A majority of Chicago voters ousted incumbent Mayor Lori Lightfoot in the mayoral primary. With just under 17% of the vote, Lightfoot became the first mayor not to advance to the runoff election. In one month, the general election could serve as a bellwether for how Democratic voters across the nation think about crime, a topic that became deeply politicized during an uptick in violence during COVID-19 and the calls for police reform after George Floyd's murder, reports The Guardian. In the primary, Lightfoot attempted to market herself as a moderate candidate. Many voters bolted in one of two other directions: to Cook County Commissioner Brandon Johnson, the most progressive option, and Paul Vallas, the former CEO of Chicago public schools, the most conservative. Vallas, who came in ninth place in his last run for mayor in 2019, ripped a page from the Republican playbook with a law-and-order message. On election night, he placed crime at the forefront of his campaign, declaring public safety a “civil right”. He also received an endorsement from the Fraternal Order of Police, along with its Trump-supporting president John Catanzara, and has pledged to fill Chicago’s 1,700 police vacancies.

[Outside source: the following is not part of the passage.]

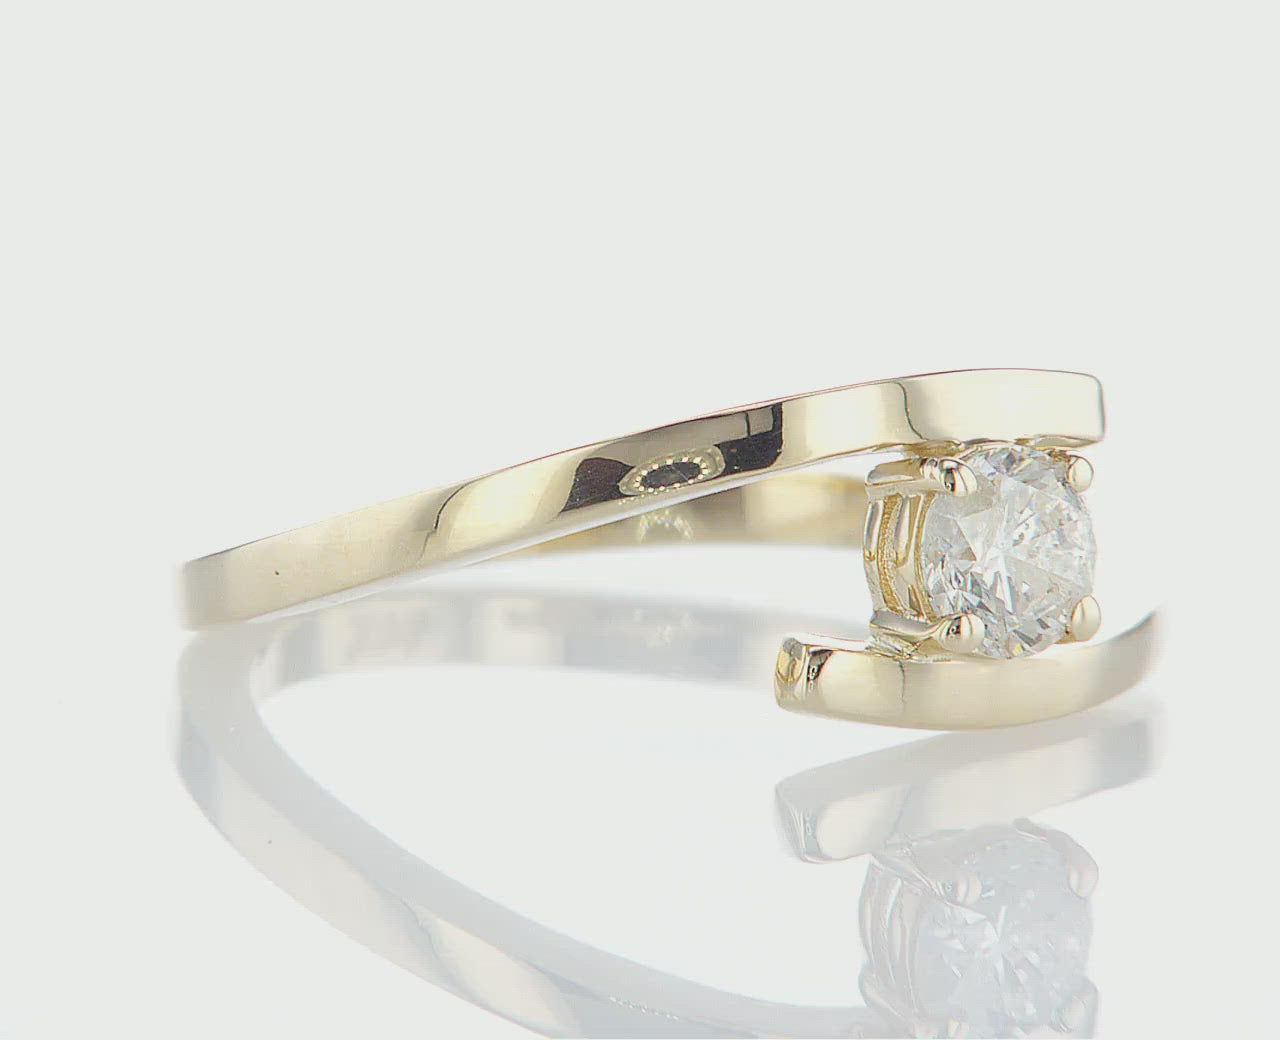 טבעת אירוסין דבש מרשימה, המכילה יהלום טבעי עגול מרכזי במשקל 0.26 קראט. הטבעת הזו מסמלת את השניים שהופכים לאחד, ומשלבת את היוקרה והברק של טבעת יהלומים עם האלגנטיות הנצחית, ומציעה יופי ואופנה שמתאימים לאירוע של פעם בחיים.

Johnson’s résumé as a former teacher and Chicago Teachers Union deputy political director puts him at odds with Vallas. Johnson’s progressive approach toward criminal justice would include a mental health hotline and eliminating no-knock warrants. He also committed to ending the city’s contract with ShotSpotter, which the city’s own inspector general found “rarely leads to evidence of a gun-related crime”. Johnson and Vallas agree on some policy issues, including changing the Chicago police department’s patrol plan to allocate more police officers during high crime hours. Both have backed boosting the number of detectives so that police can solve more murders. How the two candidates communicate their message on crime to Black voters will prove crucial. In the primary, Johnson got support from white progressives on the North Side but in order to beat Vallas, he’ll have to court Hispanics on the West Side who voted for his progressive rival. For Vallas, the endorsement from the Fraternal Order of Police will either become his winning advantage or his Achilles heel.